The Cabrini Monash University Department of Surgery, led by Professor Paul McMurrick, recently launched a Patient-Reported Outcome Measures (PROMs) program for colorectal cancer patients. PROMs are questionnaires that help patients to report on outcomes relating to their health. They are completed without interpretation by a clinician, allowing patients to openly voice their health-related concerns. The new program allows for the electronic capture of PROMs through a cloud-based platform that is aimed at understanding both the health-related impact of colorectal cancer treatment on quality of life and symptom and functional outcomes, as well as supporting clinical teams to deliver more personalised, effective care.
Project Coordinator, Dr Christine Georges (pictured) is leading the rollout of this important program, using the colorectal cancer standard set outlined by the International Consortium of Health Outcomes Measurement (ICHOM), that incorporates the health domains that matter most to patients.
“This Victorian-first program will allow colorectal cancer patients to report their health-related outcomes on their own mobile devices or computers. Allowing patients to report this information translates into improved symptom monitoring and enhanced patient-clinician communication, allowing for more well-informed clinical decisions to be made,” said Dr Georges.
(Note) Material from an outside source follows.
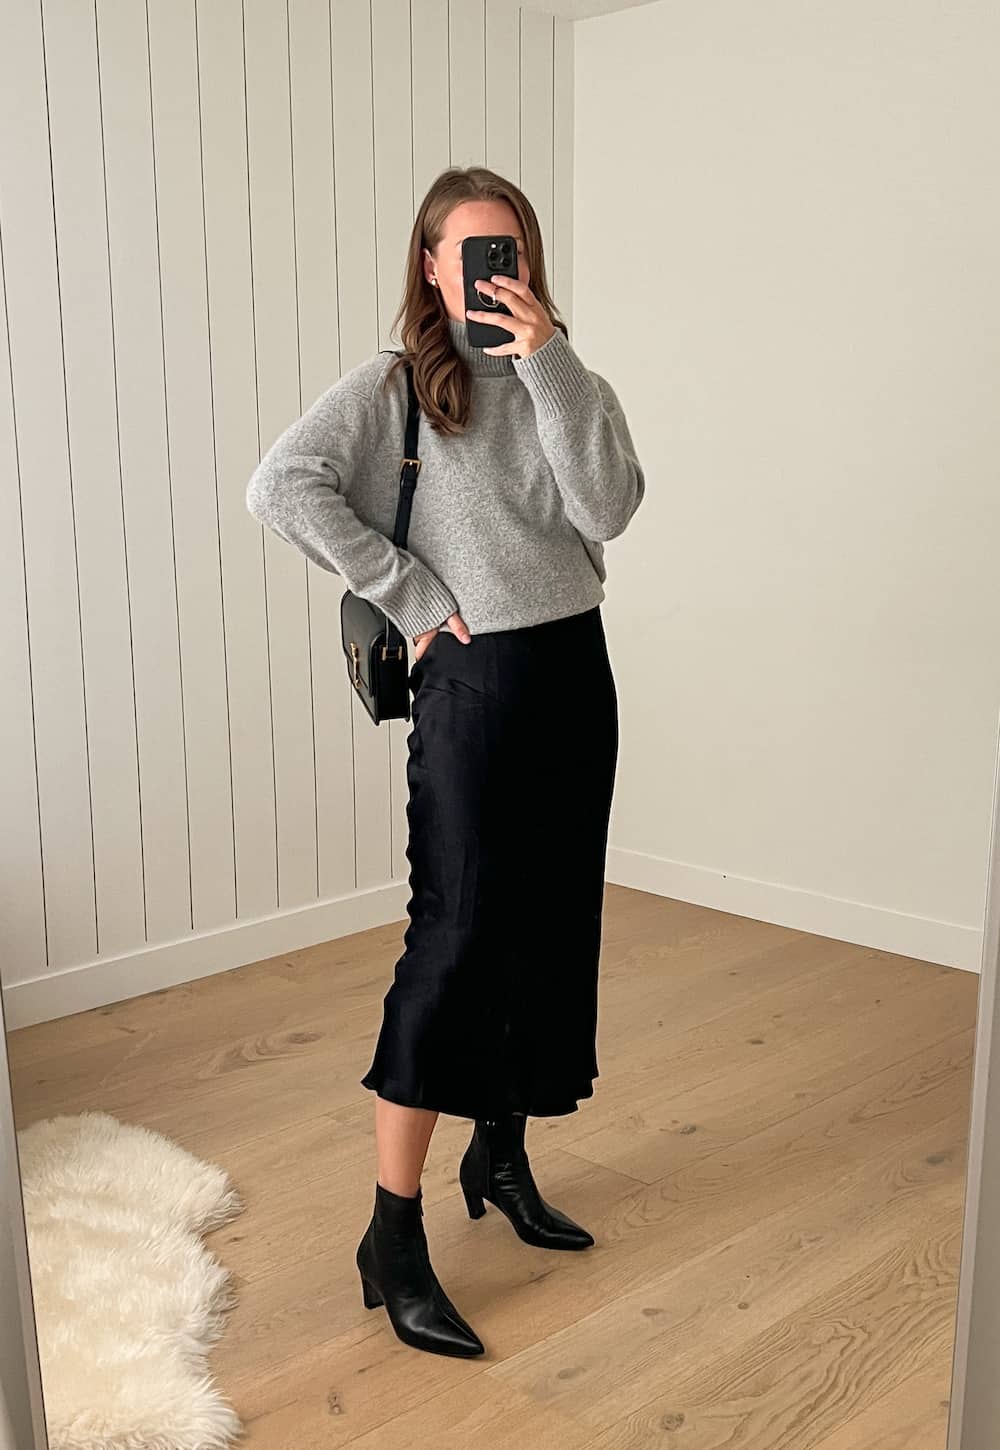 Christal wearing a black slip skirt with a grey sweater and black booties

Individual and population PROMs data is fed back to a centralised portal, which clinical teams can access in real-time to monitor the progress of patients and understand their unique health profile, including health-related quality of life and symptom and functional outcomes.
“By streamlining the collection and analysis of these patient-centric outcomes, this program aims to reduce the administrative burden associated with managing PROMs data, improve patient care by enhancing patient-clinician communication, improve clinical decision making and symptom monitoring and, ultimately, improve survival for colorectal cancer patients,” said Dr Georges.
The team wish to acknowledge funding from Collie Foundation, Margaret Walkom Trust and Let’s Beat Bowel Cancer, a not-forprofit Cabrini initiative.